The RT exercise is a whole-body progressive workload program based on periodization. The program is 24 weeks long (the macrocycle) and divided into two 12-week mesocycles. Within each of the mesocycles are several microcycles, in which the intensity is increased and the volume is decreased over time. Exercises consist of the leg press, horizontal squat, shoulder press, leg extension, latpulldown, and cable biceps curl exercises for weeks 1 through 12 (the first mesocycle). At week 12, an active rest of 1 week is incorporated, after which the exercise challenge is changed to address the issue of specificity and activities of daily living (analogous to an athlete shifting to sport-specific movements to improve competitive performance).

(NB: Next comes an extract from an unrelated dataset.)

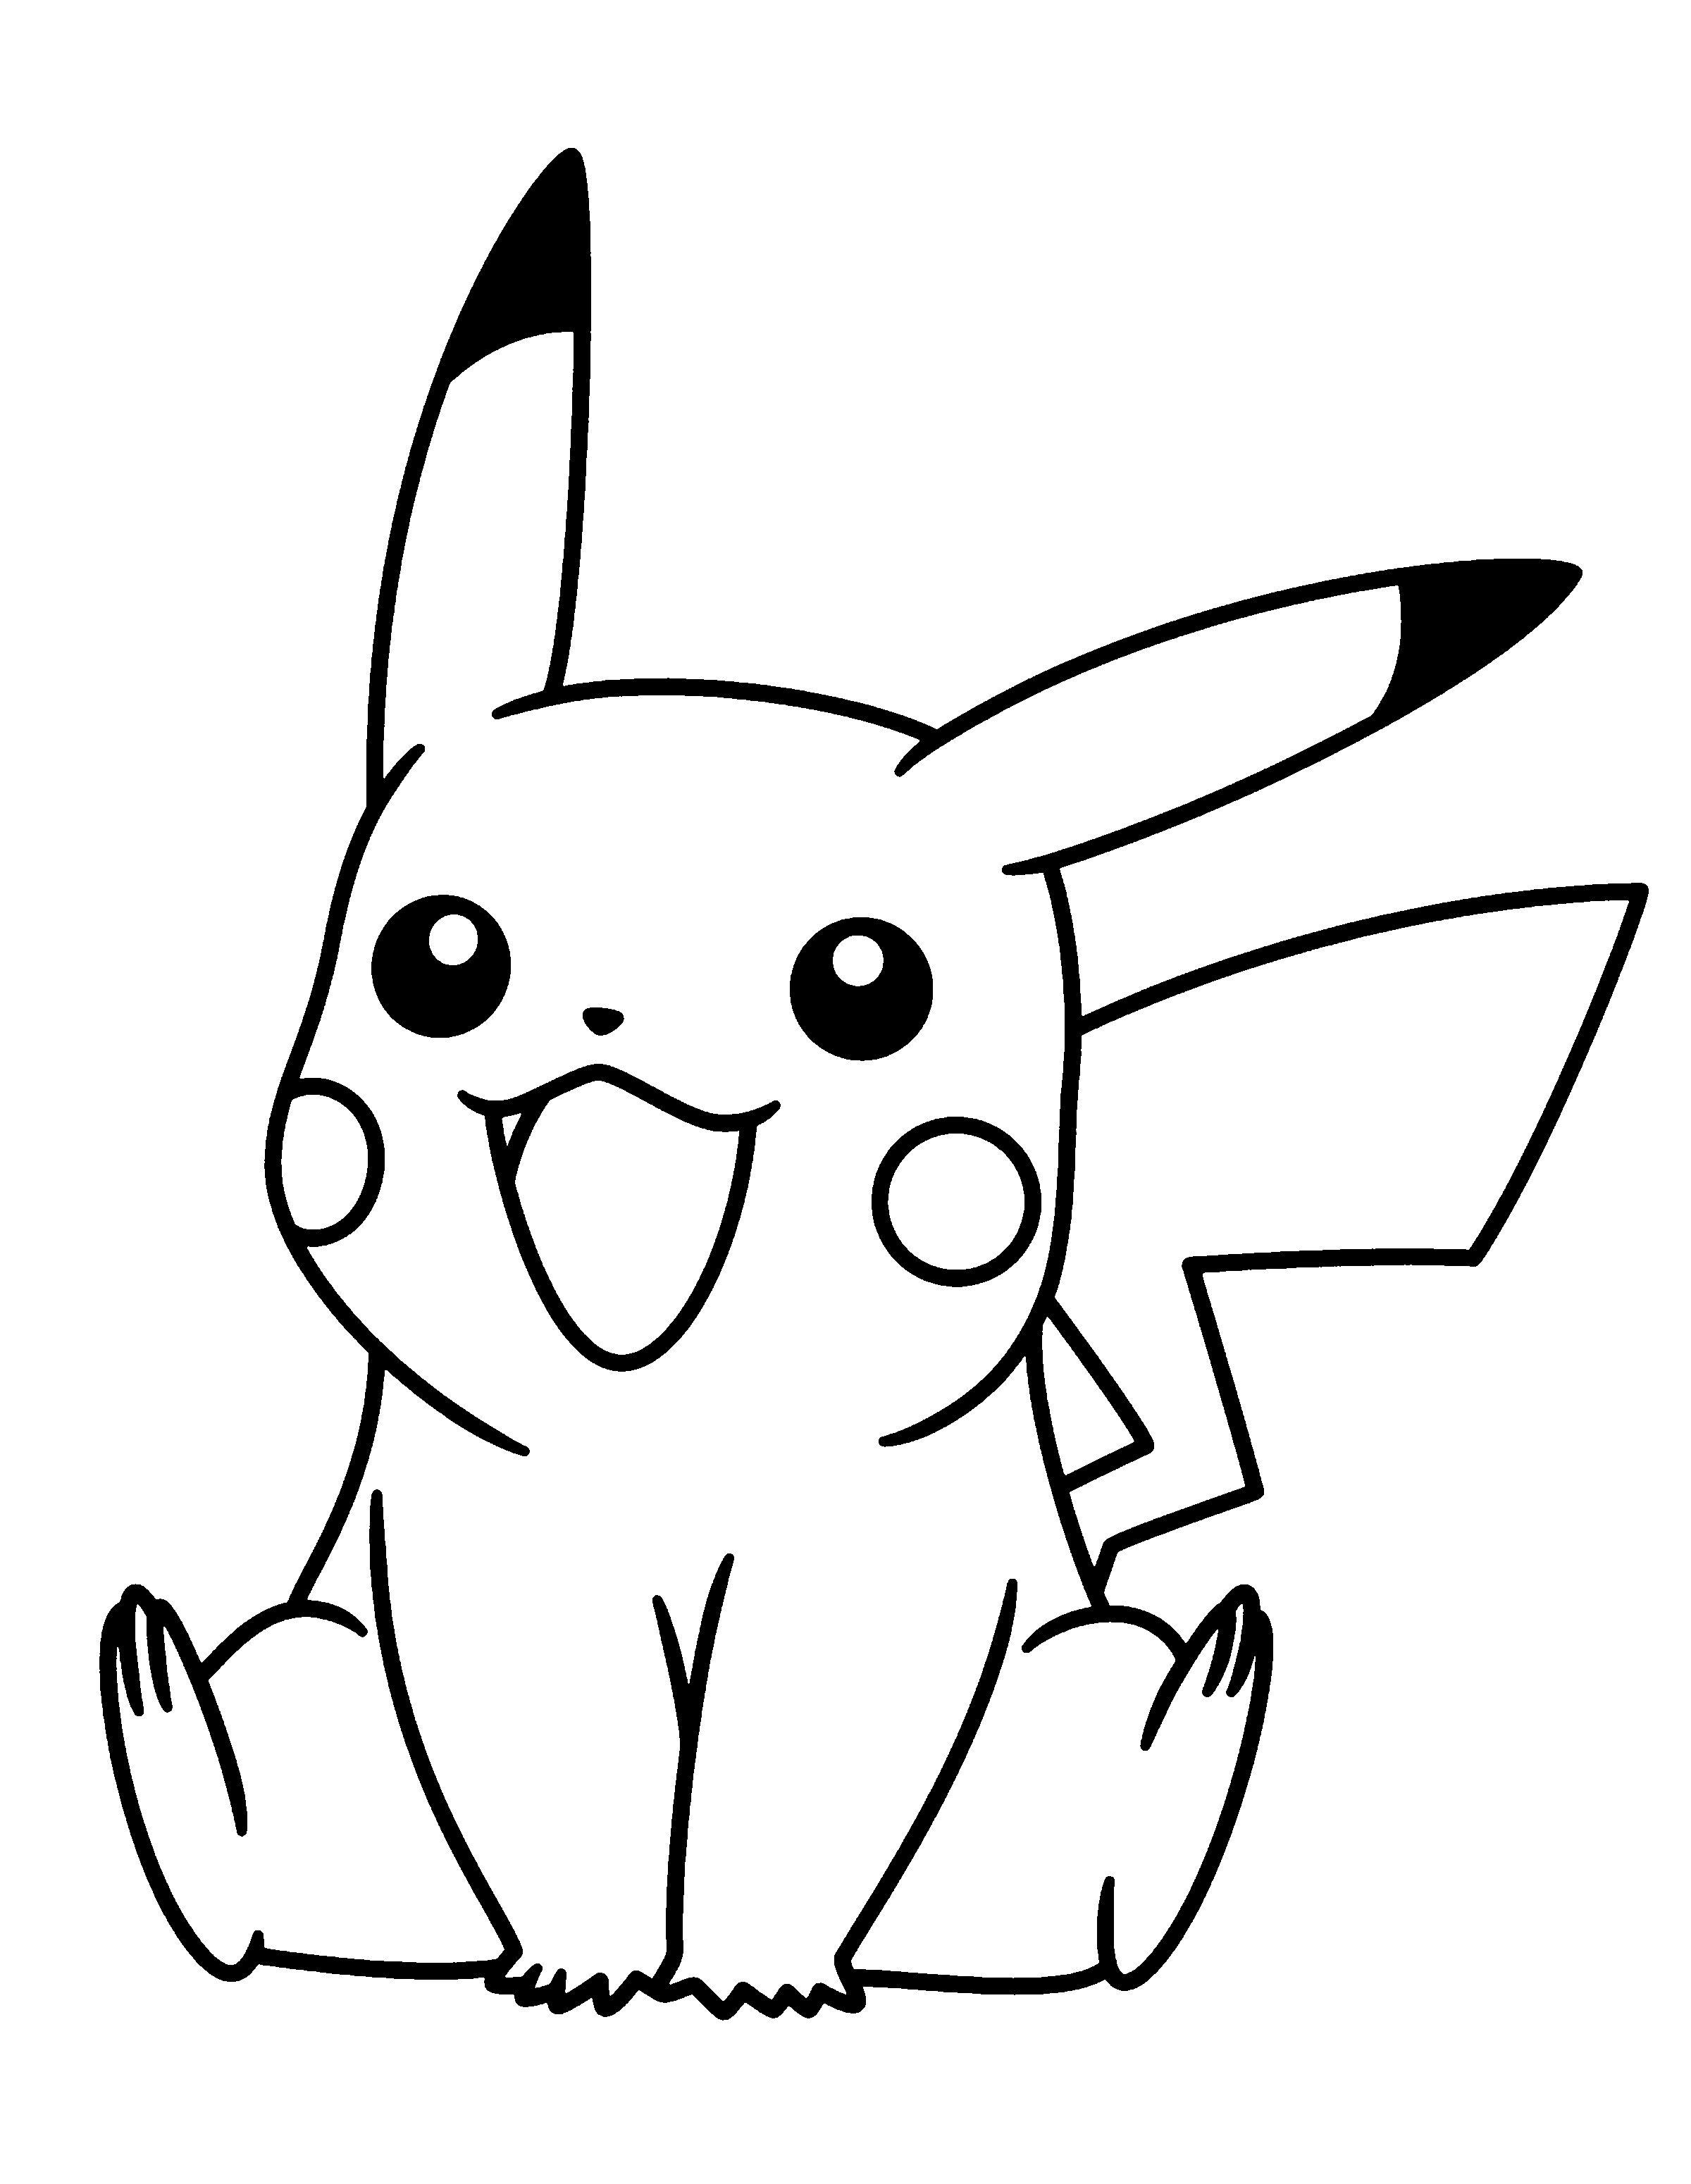 2400x3100 Free Pokemon Coloring Pages Dikma Dikma Coloring Book Pokemon

Dumbbell lunges, dumbbell shoulder press, and dumbbell curl are substituted for the leg extension, the machine shoulder press, and cable biceps curl, respectively, and the program is continued for an additional 12 weeks (the second mesocycle). The addition of the dynamic free weight program after the first 12 weeks is beneficial for several reasons. First, it has been shown that the subject’s neuromuscular system is optimally challenged by activities that affect activities of daily living (6) in a manner that is similar to the athlete performing exercises that mimic his or her sport. Second, the free weight program is reproducible outside of the clinic environment and thus provides the subjects with RT techniques that can be performed at home. Finally, the dynamic free weight program mimics the balance and strength requirements of activities such as walking and climbing stairs, facilitating transfer of muscular strength gains to activities of daily life.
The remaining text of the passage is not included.